TO DO: Repeat the listing word for word, but skip any pictures.

PROVIDED MATERIAL:

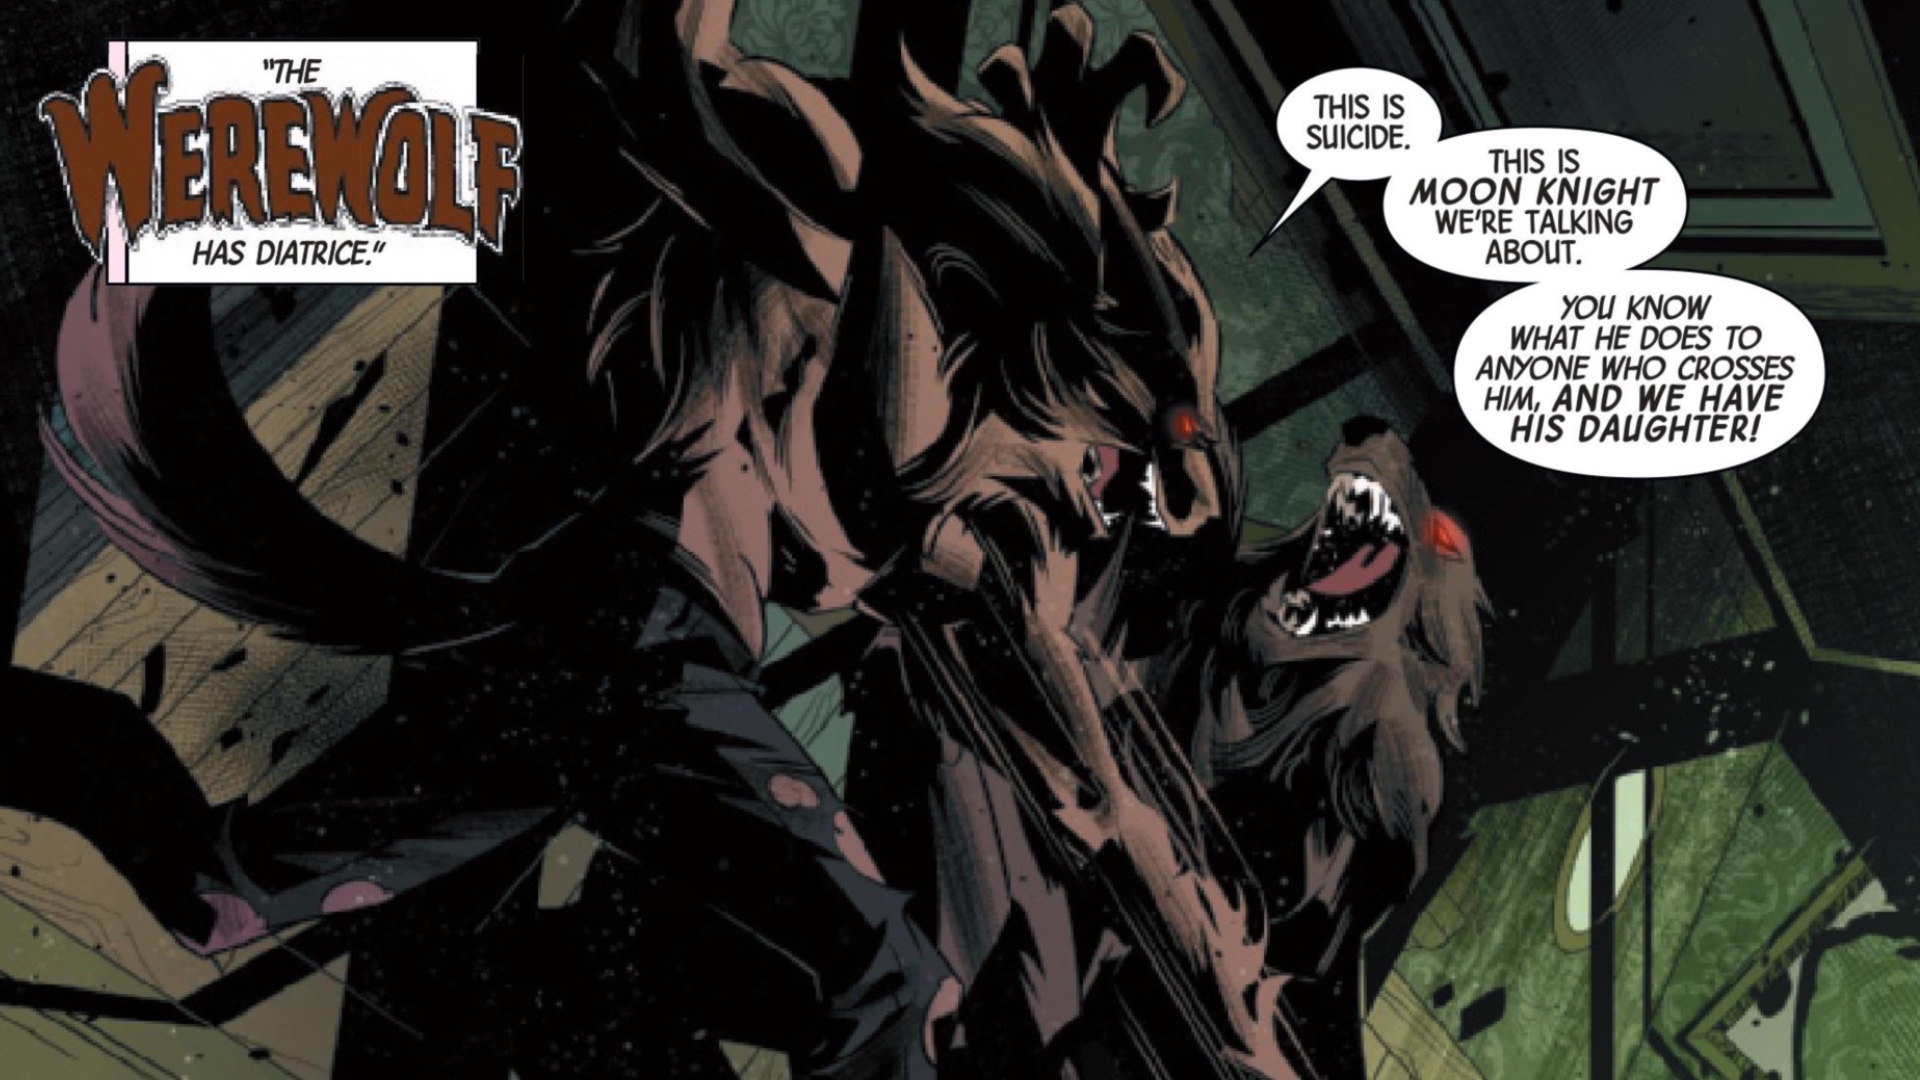 Werewolf by Night: Origin Story
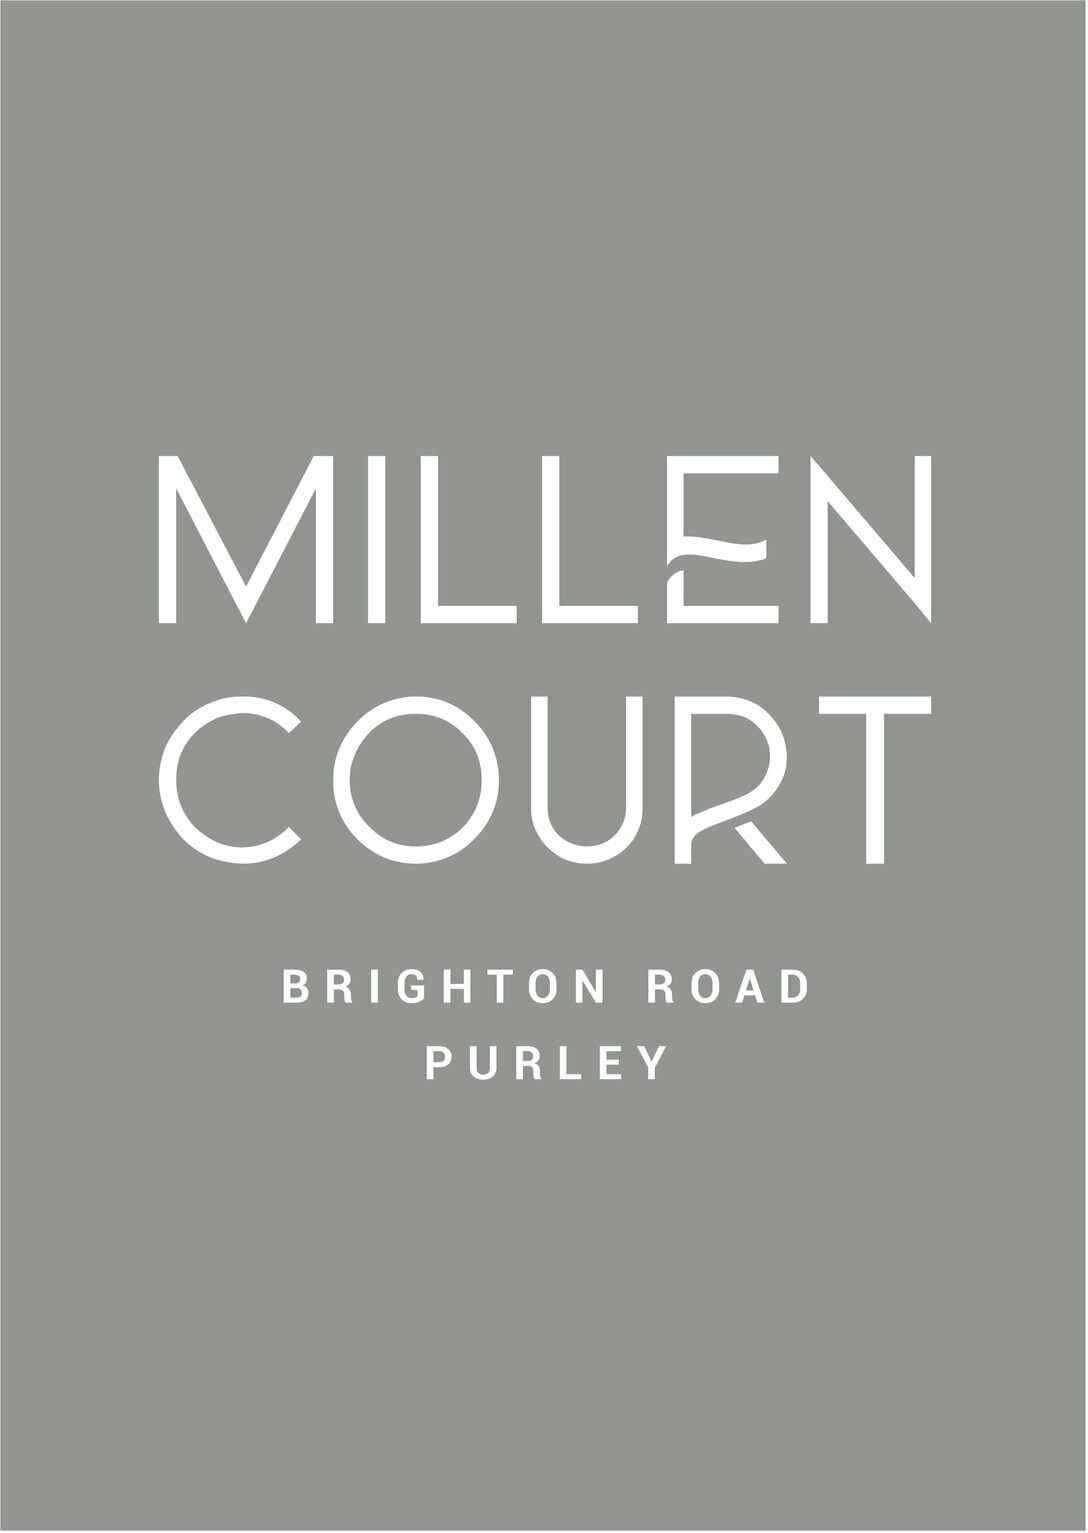 Millen Court Logo resized
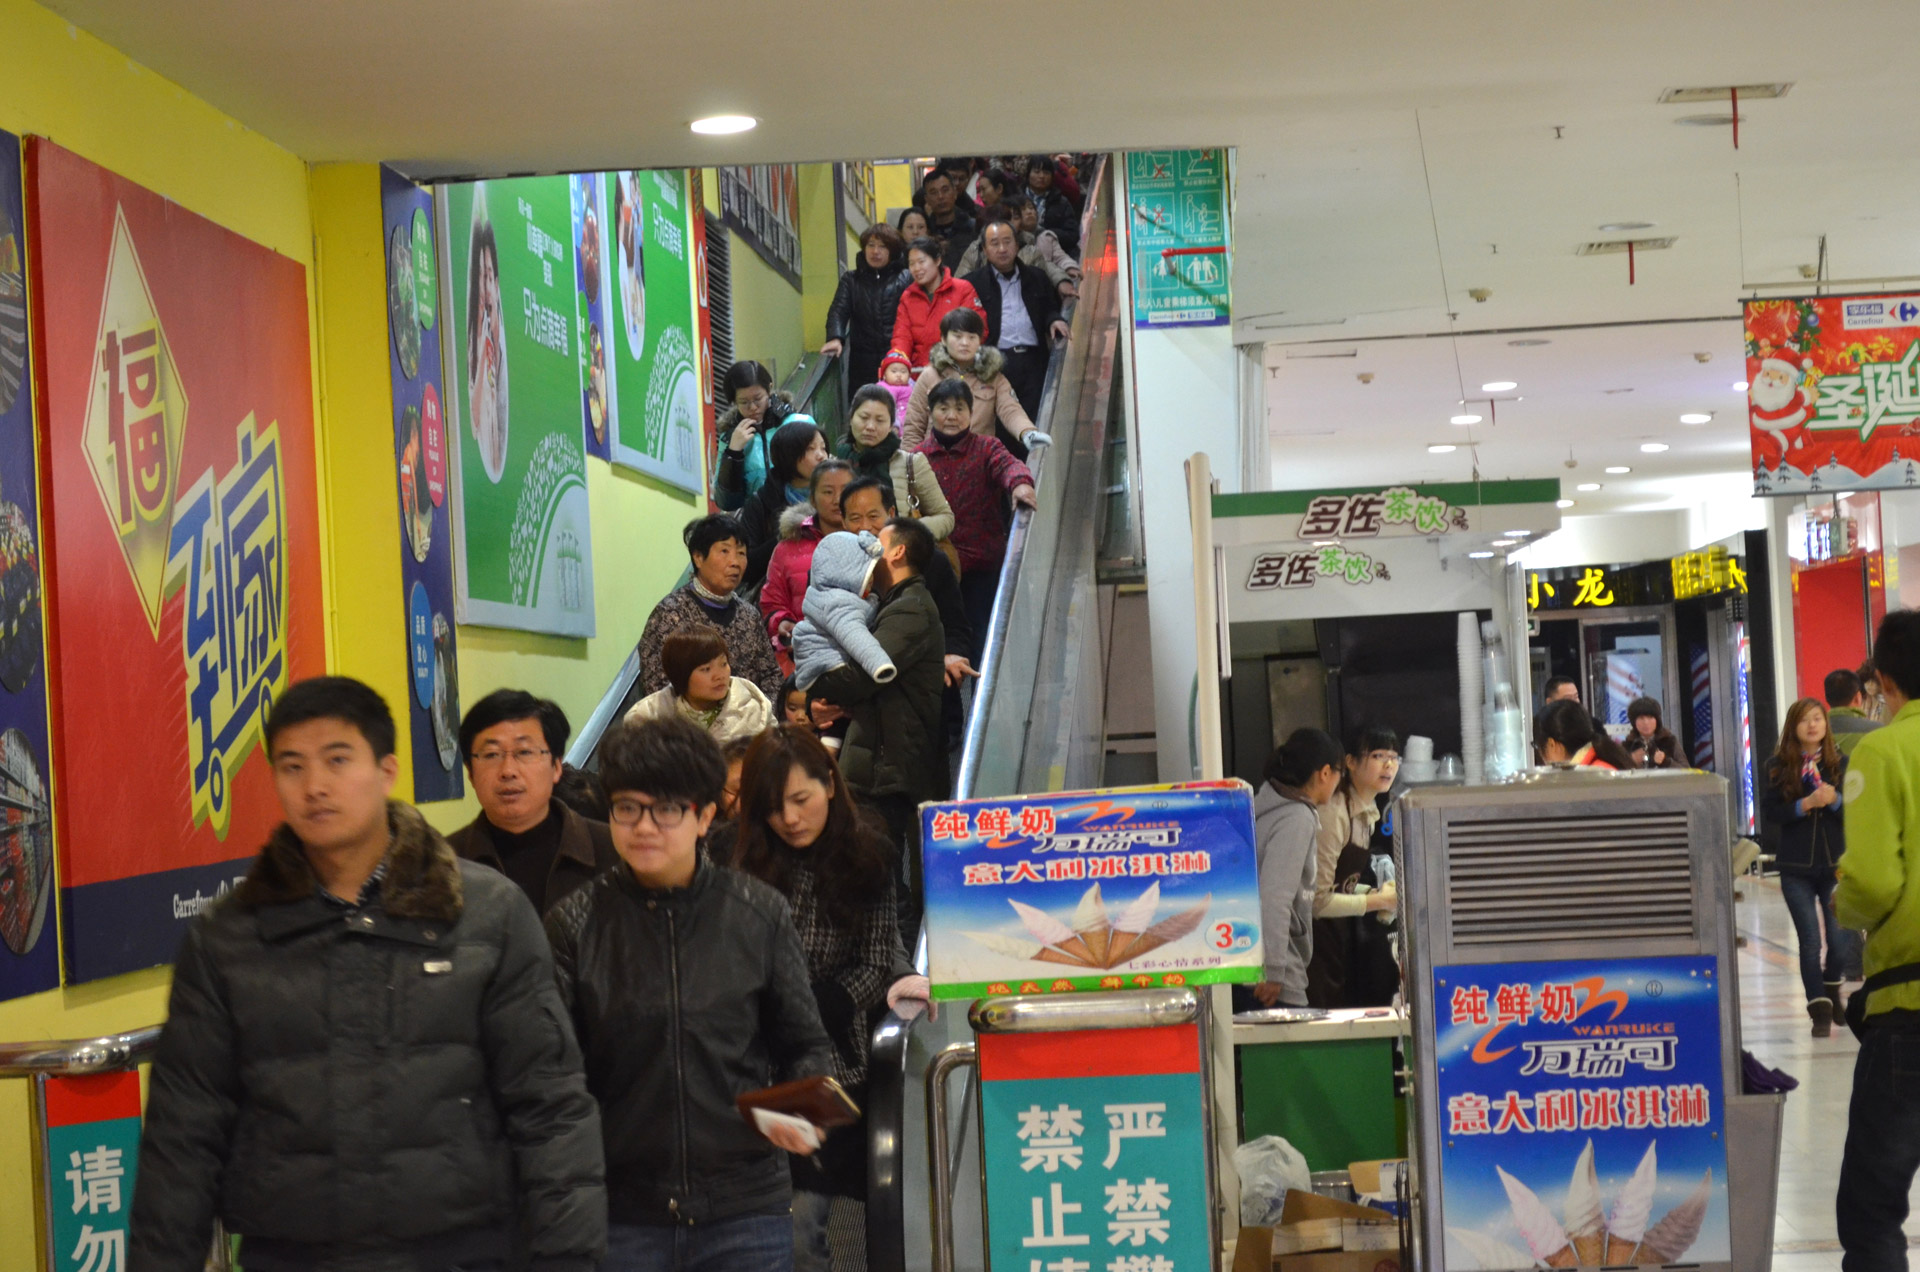 escalator people shop free photo

EXERCISE RESULT:
 Werewolf by Night: Origin Story
 Millen Court Logo resized
 escalator people shop free photo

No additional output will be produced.